Para Platón, el cuerpo era la cárcel del alma. Para el cristianismo, fuente de multitud de pecados (lujuria o gula, por ejemplo). Para Descartes, cuerpo y mente son sustancias radicalmente distintas que (casi) no interactúan entre sí. Para Kant, la grandeza del ser humano no está en su ser-cuerpo, sino en su dignidad moral. ¿Por qué esta concepción —occidental— más bien peyorativa del cuerpo? En este dosier, Julieta Lomelí examina estas concepciones negativas del cuerpo y aborda una propuesta positiva del mismo de la mano de Jean-Luc Nancy.
Perdí mi cuerpo
«Un día comprendió cómo sus brazos eran
solamente de nubes;
imposible con nubes estrechar hasta el fondo
un cuerpo, una fortuna.
La fortuna es redonda y cuenta lentamente
estrellas del estío.
Hacen falta unos brazos seguros como el viento,
y como el mar un beso».
Luis Cernuda
Una mano amputada del resto del cuerpo de un hombre se escapa del anticlimático congelador de un laboratorio para emprender un riesgoso viaje por la ciudad. Su objetivo es volver a unirse al cuerpo que ha perdido, encontrar a su dueño, que es el agente principal de sus memorias. La mano camina de noche y de día, se enfrenta a ratas de alcantarilla, escapa de numerosos peligros que podrían romperle los dedos, logrando, incluso, sortear la monstruosidad de una metrópoli que vuelve invisible incluso al hombre o mujer más famoso y reconocido.

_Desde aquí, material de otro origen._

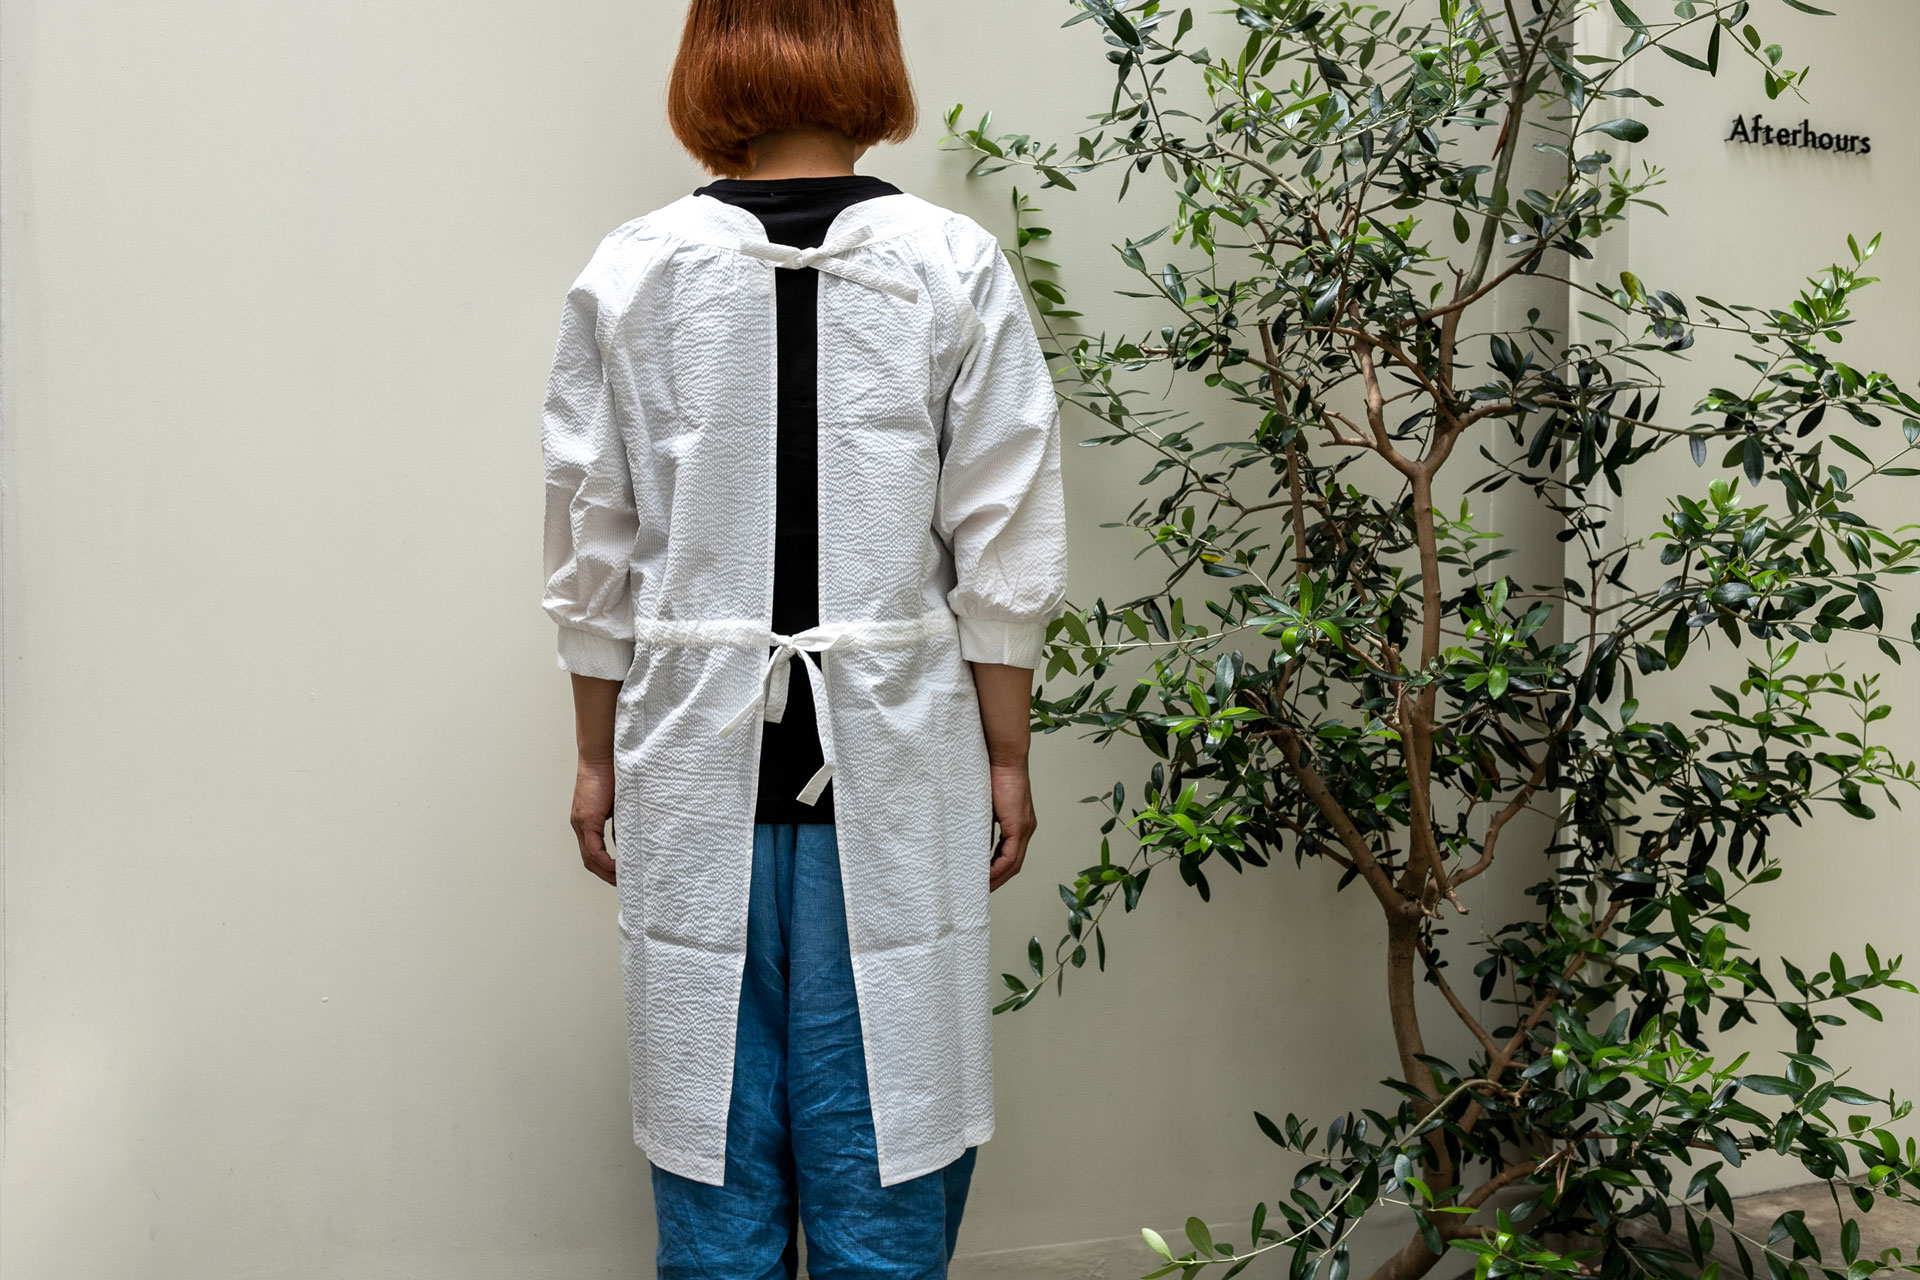 Afterhoursの製菓服
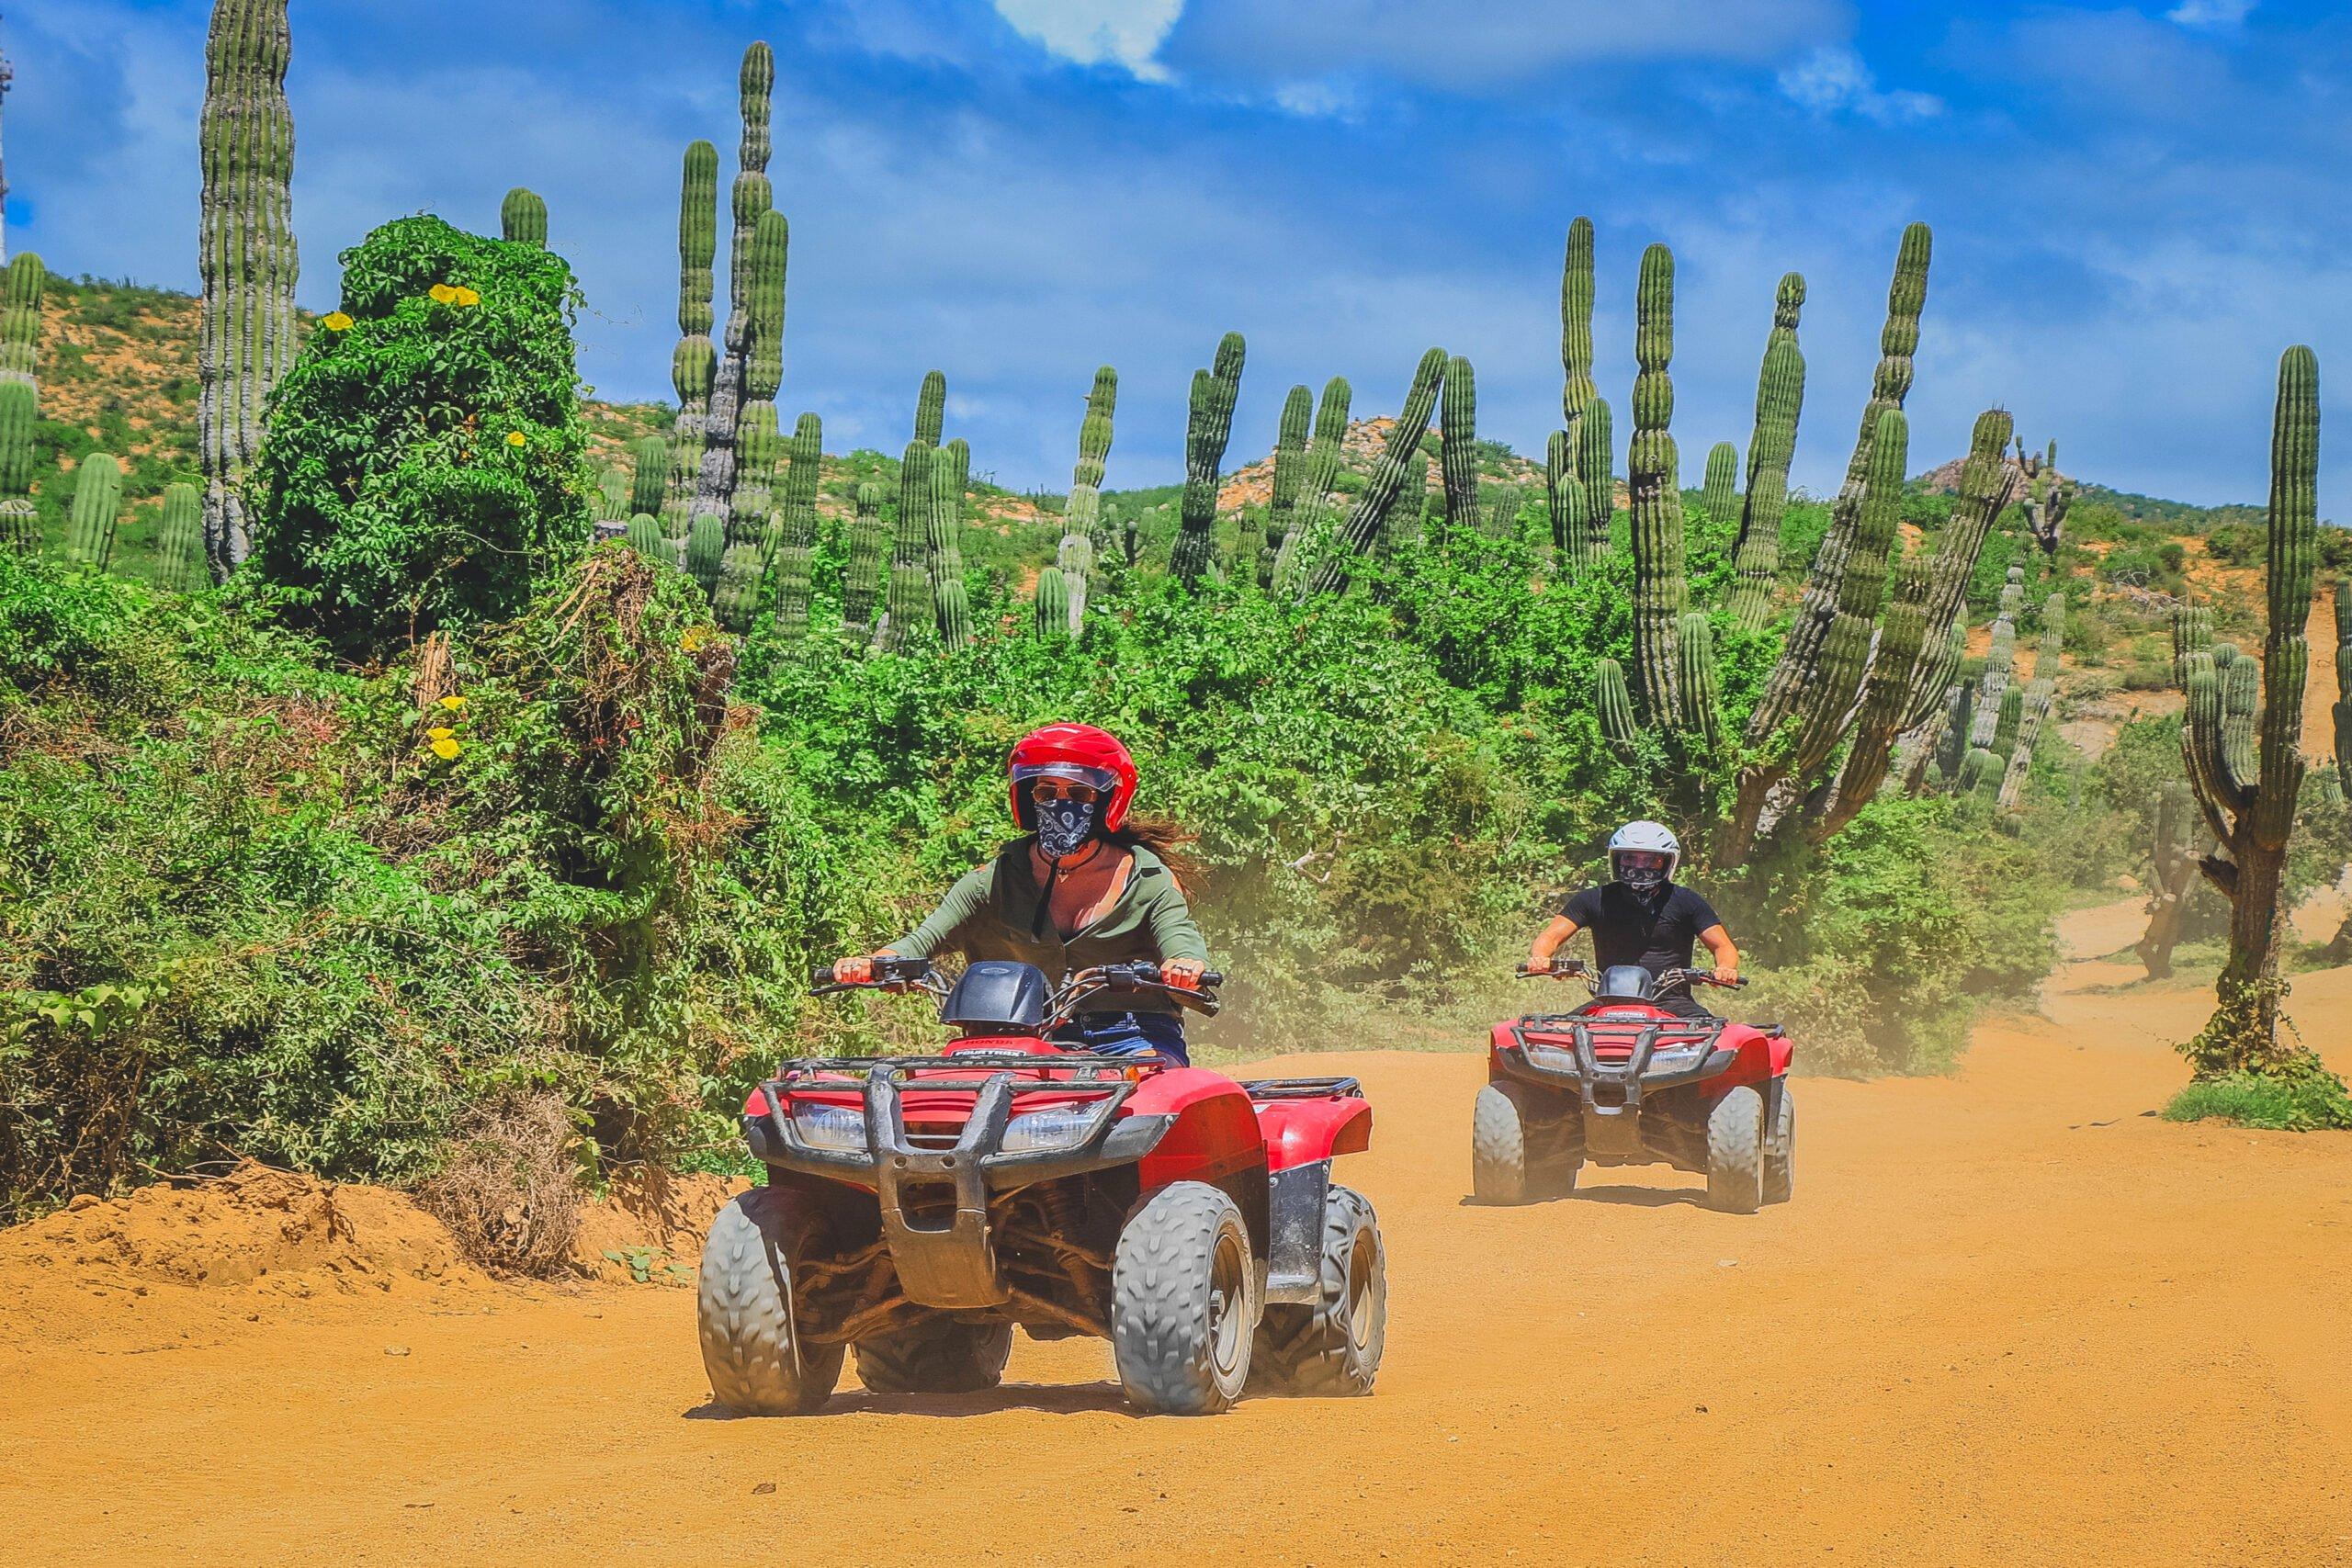 Migrino Atv Tour From Los Cabos_54 (2)

Así comienza el largometraje de Jeremy Caplin Perdí mi cuerpo (J’ai perdu mon corps, Francia, 2019), con la historia de una mano audaz que con «pasos» pequeños, usando sus dedos como el vehículo para recorrer grandes distancias, visita las profundidades y también las alturas de la ciudad en la que ha perdido a su «dueño», o mejor dicho, el sitio donde ha perdido «el resto de su cuerpo», el sitio donde lo ha perdido todo.